微笑んでいるけれど、よく見ると赤い瞳の奥は笑っていない。
『ナナハナ』でも屈指のプレイボーイによく似た姿だった。
……というか、たぶん同一人物だ。
「!」
まじまじと見ていたら、ぱちっと目があってしまった。
思わず目をそらしたけれど、たぶん気付かれているだろう。
ま、まさか、攻略対象のうち3人に出会ってしまうなんて。
交流したいのはオズワルド殿下だけだったのに……。
いえ、まだ大丈夫よ。クラレンスとも話しちゃったけど嫌われてそうだったし、もう一人は目があっただけだもの。大丈夫、大丈夫……。
「――きみ、大丈夫? 具合でも悪いの?」
「ええ、大丈夫よ。わたくしは大丈夫」
「そう? じゃあ、さっきのはやっぱりアピールだったのかな。
お話ししたいなら、声をかけてくれたらいいのに」
ハッと顔を上げると、目の前に金髪の美少年が立っていた。
美少年はにっこりと微笑み、固まるわたくしから空のグラスをとりあげて新しいドリンクを持たせてくれる。
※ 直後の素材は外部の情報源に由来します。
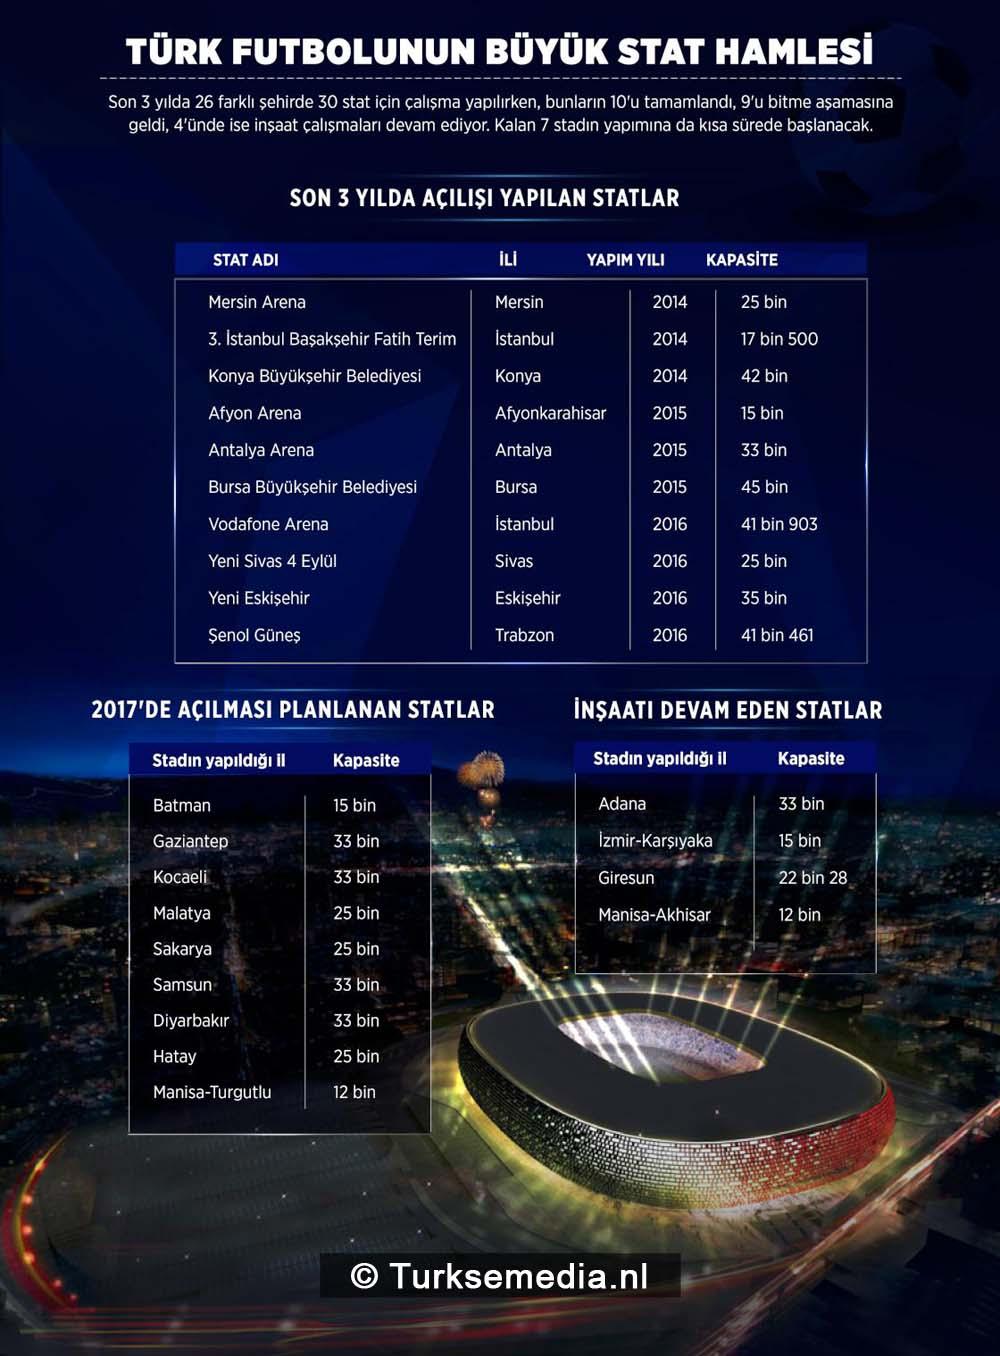 turkije-bouwt-30-supermoderne-stadions-ontmoet-cotanak-arena-4

「あ……い、いえ、たまたま、そちらを見ていたらたまたまあなたがいただけですわ!」
「そうなの? 残念だなぁ」
そう言いつつ、美少年は微笑んだままだ。
わたくしの焦りに気付いたのか、後ろに控えていたルチアがすっと前に出てきた。
「失礼。主人とお話ししたいのなら、まずは身分を明かすべきではありませんか?」
「ああ、ごめんね。びっくりさせちゃったかな。
ボクはステュアート・アップルビーだよ」
……やっぱり。
『ナナハナ』の攻略対象の一人。
女ったらしのフェミニスト――ステュアート・アップルビーだ。
わたくしはめまいがしそうになった。
婚約者になる予定のオズワルド殿下や、幼少期から知り合いの設定のクラレンスはまだいい。
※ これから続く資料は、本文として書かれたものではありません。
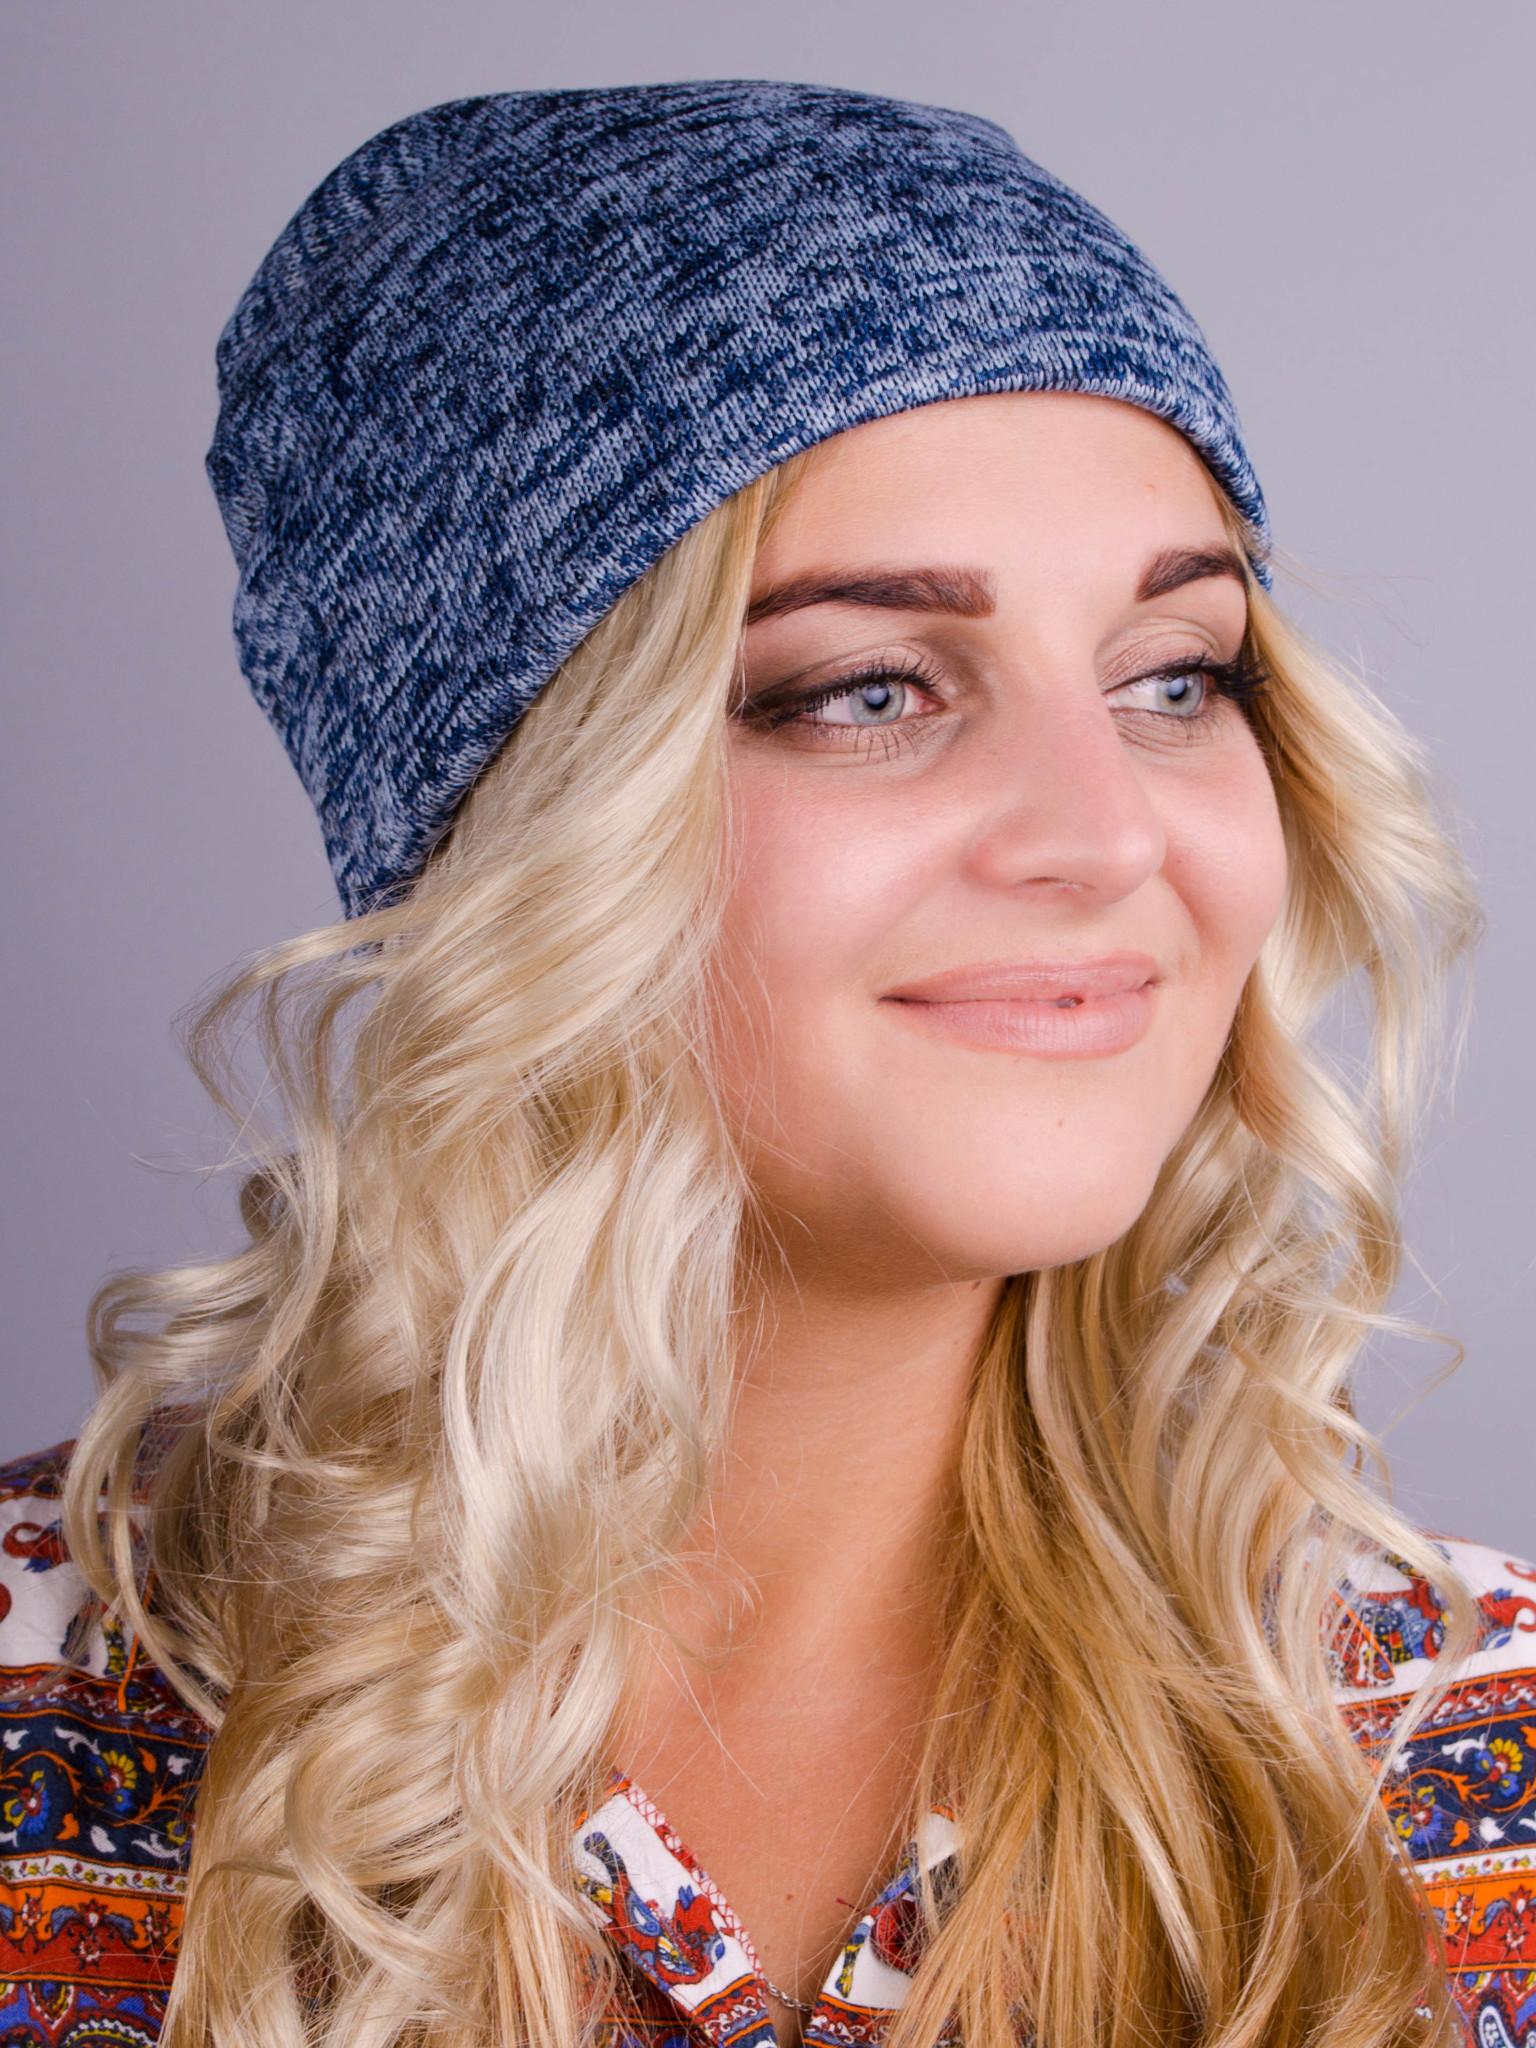 Фешн. Молодіжні жіночі шапки. Блакитний ангора фліс. 347856abfeae3

でもステュアートは、本来はフォレスター学園で初めて出会うはずなのに。
どうしよう?
わたくしが安易にパーティーに出席したせいで、物語が変に狂ってしまったら……。
「お嬢様? 大丈夫ですか?」
わたくしの様子がおかしいことに気付いたルチアが声をかけてくれる。
「ええ……大丈夫よ。ちょっと……人酔いしたのかも。パーティーなんて久々だから」
「ですが……」
「どうしたの? やっぱり具合が悪かったのかな。
レストルームがあるはずだから、ボクが連れていくよ」
ステュアートも心配してくれるけど、ルチアがきっぱりと断った。
「結構です。私がお連れしますので」
「女の子には大変でしょ。手を貸すよ」
「いいえ。どこの誰とも知らない方に主人をお任せできません」
「これは手厳しい。名乗ったのになぁ」
苦笑混じりの言葉を聞いて、ハッと気付いた。
そうだわ、わたくしまだ名乗ってない。もしかしたらわたくしがシビル・クリスタルだとは気付いていないかも。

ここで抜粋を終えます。